Machine learning has become indispensable for analyzing multi-omics data, powering tasks like variant effect prediction, network inference and integrated environment-aware models spanning genomics through phenomics []. Computational tools from machine learning frameworks to workflow managers and high-performance computing now power every layer of multi-omics research [,,,]. Advanced phenotyping methods pair machine learning with automated imaging to replace labor-intensive scoring with rapid, objective measurements. For instance, Naik et al. [] captured simple RGB canopy images on a smartphone, then segmented the crop from the background and computed features like yellow-to-green pixel ratios, texture metrics and canopy cover. These automated imaging workflows produce massive amounts of time-series data that far exceed the capacity of manual analysis, making machine learning algorithms essential for efficient processing and interpretation []. By continuously monitoring plant development, extracting real time growth parameters and flagging stress symptoms remotely, these methods both save labor and greatly expand the phenotypic dataset available to breeders and researchers.
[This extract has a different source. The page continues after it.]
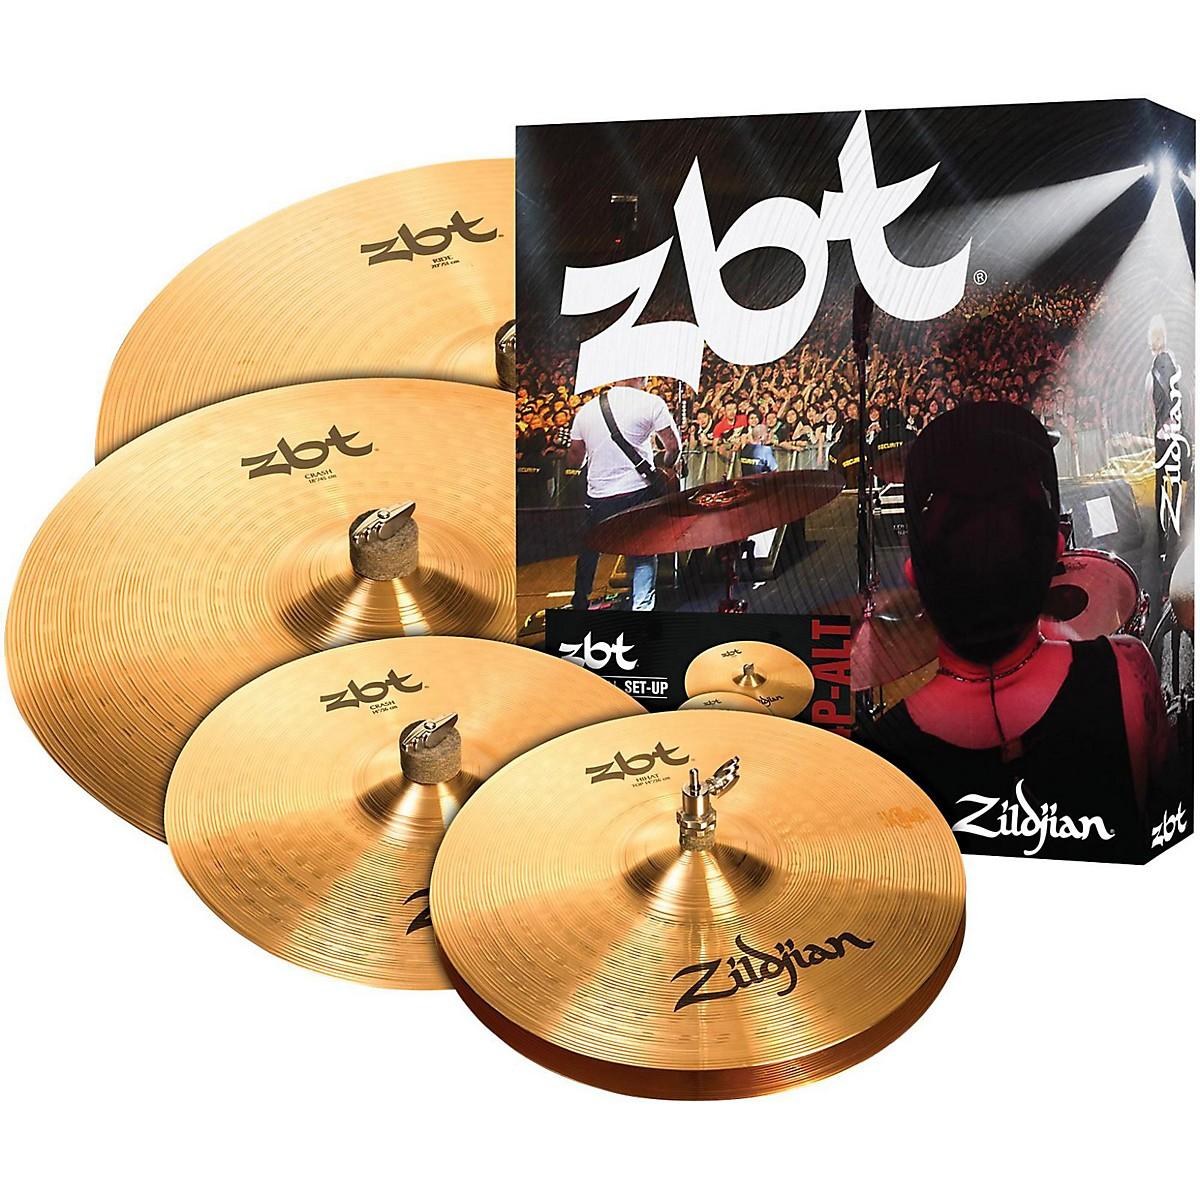 Zildjian ZBT Pro Cymbal Set With Free 14

4.6. Emerging Technologies

Single-cell transcriptomics is a rapidly evolving tool with growing applications in plant research. Recent advances in spatial and multi-modal omics now enable simultaneous profiling of gene expression, chromatin accessibility, and metabolite signatures at cellular resolution, offering new insights into developmental and stress-related processes in plants []. Single-cell spatial enhanced resolution omics sequencing (scStereo-seq) has revealed gene expression gradients across different cell types in Arabidopsis leaves, elucidating developmental paths of vascular cells and guard cells []. Another powerful emerging technology is single-cell ATAC-seq (the assay for transposase-accessible chromatin with sequencing), which maps chromatin accessibility across individual plant cells. For example, Dorrity et al. [] applied scATAC-seq to Arabidopsis thaliana roots, resolving cell-type-specific regulatory elements and integrating them with transcriptome data to infer developmental gene regulatory networks. Advanced spatial omics technologies which preserve cellular and molecular context within tissues have been used in soybean root system analyses and M. truncatula nodulation research, but the bulk of the publications using these new methods are in Arabidopsis []. These technological tools offer a new avenue of understanding for the complex systems involved in protein production and nodulation in legumes.

5. Cell Signaling Networks in Legume Responses

5.1. Signaling Pathways in Soybean

Understanding signaling pathways that regulate growth, stress response, and metabolism is essential for improving complex traits in legume crops. Omics technologies enable researchers to study these networks at a systems level, revealing how hormonal and environmental signals integrate to support development and adaptation under variable conditions.
Recent studies have delineated transcriptional networks regulating oil and protein biosynthesis in soybean seeds. For example, dozens of transcription factors and regulatory genes that respond to hormonal cues and nutrient levels to balance storage lipid versus protein synthesis. The transcription factor GmVOZ1A (a Glycine max VOZ-family protein containing a conserved C2H2-type zinc-finger domain) enhances seed fatty acid and oil accumulation by upregulating lipid biosynthetic genes, while loss-of-function mutations reduce seed oil content []. Hormonal pathways—particularly abscisic acid (ABA) and auxin—play integral roles in seed development and in modulating the protein–oil balance []. For example, dynamic changes in ABA levels correlate with shifts in fatty-acid biosynthesis during seed maturation [], while auxin and ABA jointly influence key transcriptional programs that determine final seed size, yield and storage-compound allocation []. These studies highlight emerging omics approaches for mapping hormone-gene interactions used to develop targeted strategies for seed trait improvement.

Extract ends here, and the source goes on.